P.S. ....unless it does in fact kill us......


----------



## DynomiteDaniel (Apr 3, 2012)

Allen H said:


> First you see things, then you get this little thing on your face
> Poltergeist Steak / Bathroom Scene (WARNING! CONTAINS BLOOD AND GORE!) (HALLOWEEN SPECIAL) - YouTube
> I am sure you are fine, don't eat it.


ROFLMAO! That's a good tip.....


----------



## hedg12 (Jul 6, 2008)

Mouse droppings can carry the hantavirus - nothing to mess with. That said, I've dealt with mouse infested rentals for several years & haven't died yet. Try to minimize exposure & wash your hands & you should be fine.


----------



## kprimm (Mar 14, 2009)

I saw an interview with Arnold Sharzenegger and he said that mouse poop does in fact make one stronger. He said he used to be built like Doogie Howser until he started messing around with mouse poop.
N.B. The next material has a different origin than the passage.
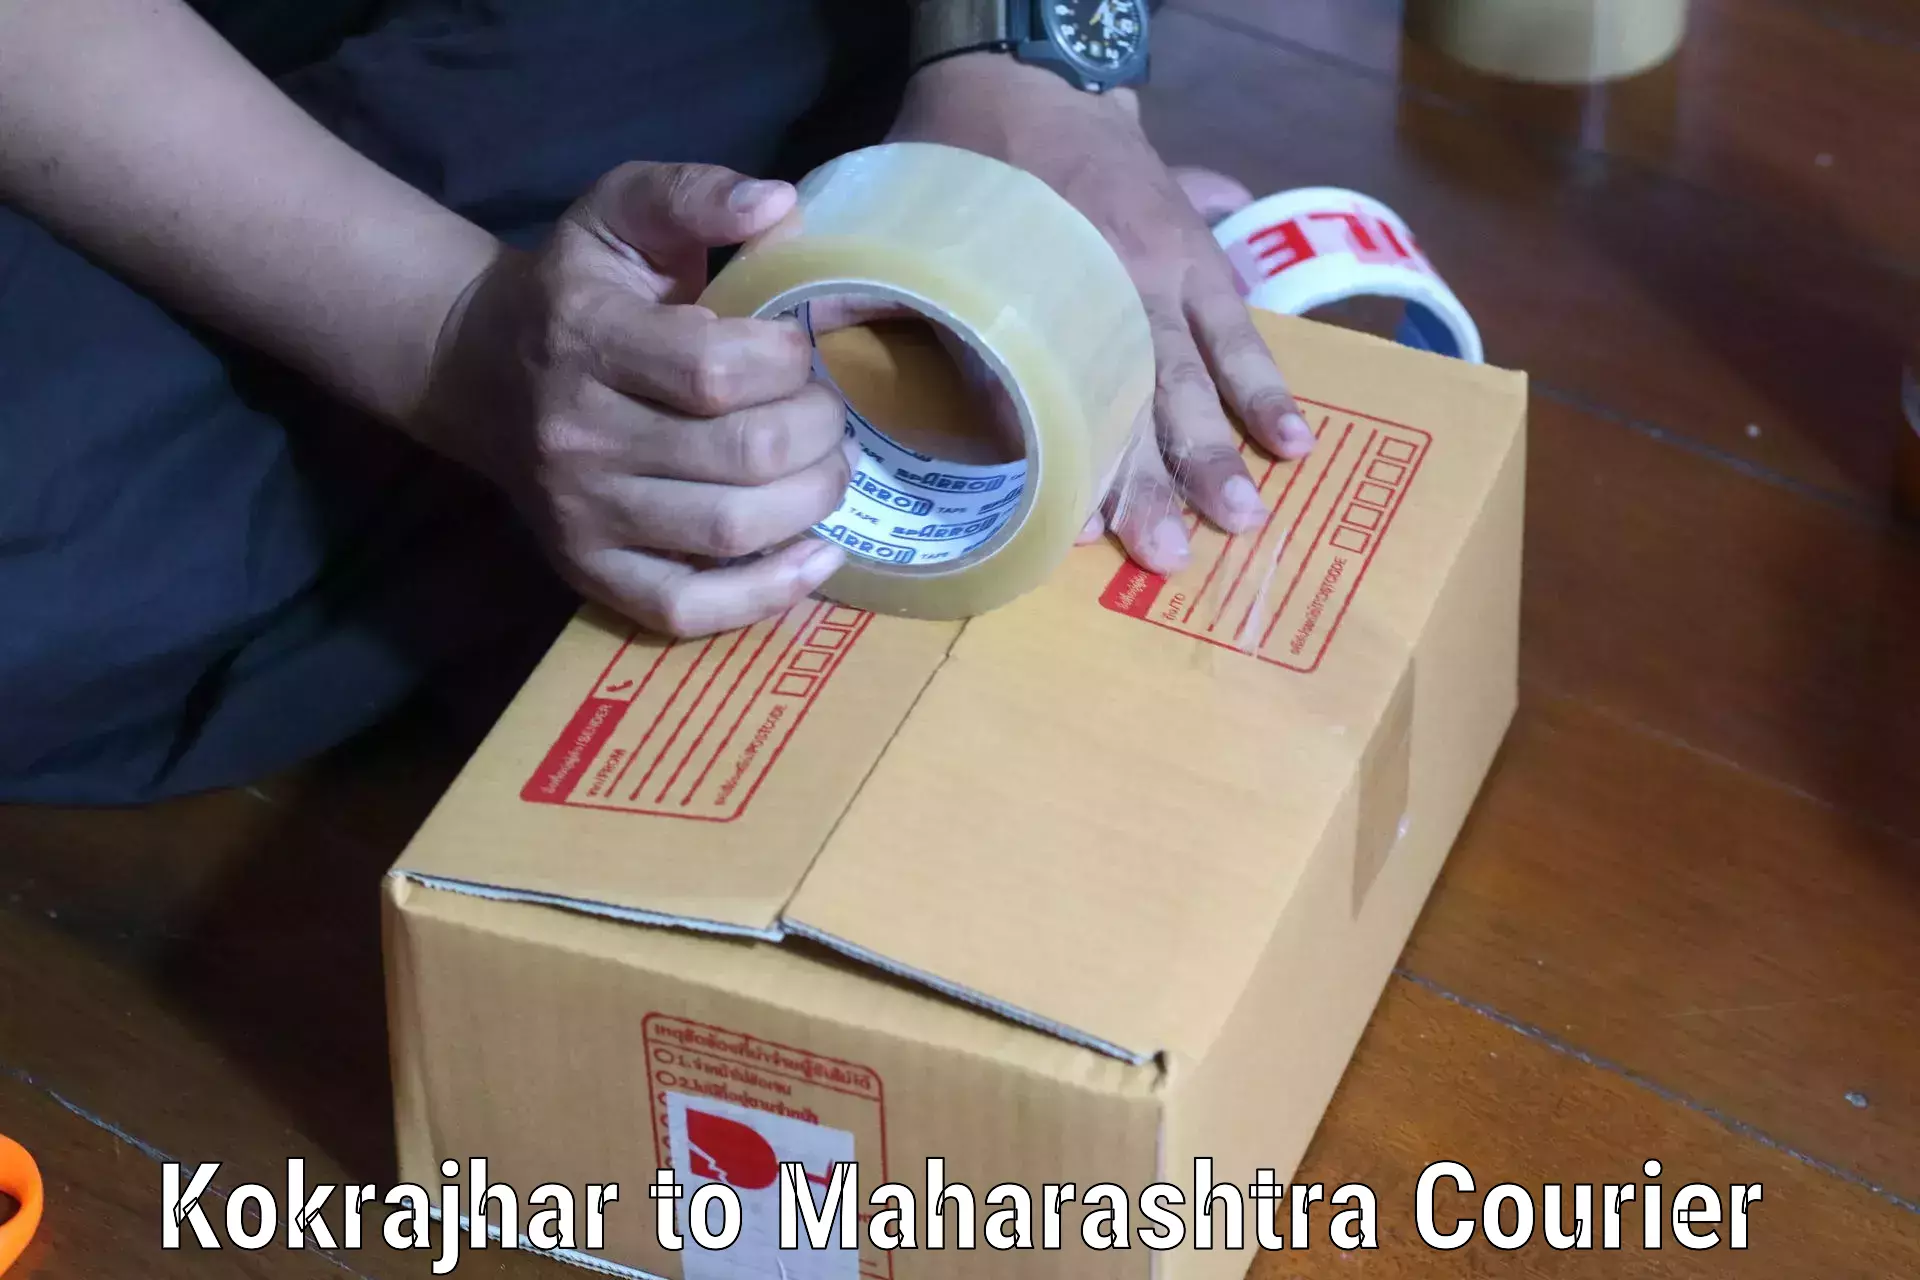 International courier networks Kokrajhar to Mumbai

Well look at him now....LOL.


----------



## RoxyBlue (Oct 6, 2008)

In the US, hantavirus tends to be most common in the western and southwestern part of the country. Regardless, always wise to take precautions when handling poop of any kind

Allen and Kprimm, you guys crack me up:jol:


----------



## debbie5 (Mar 2, 2007)

I was under the impression it was mouse poop DUST that is the problem in Hanta virus, not inhaling fresh or semi fresh poo nor handling poo...hot desert + LOTS of mouse poop = dried mouse poop dust in the air. Hanta has to be inhaled, not touched to aquire it. If you have firm little brown bits of mouse poo, I think you're good. When I have to clean the mice poo out of our camp, I feel skeevy & have all the windows open & shower afterwards. 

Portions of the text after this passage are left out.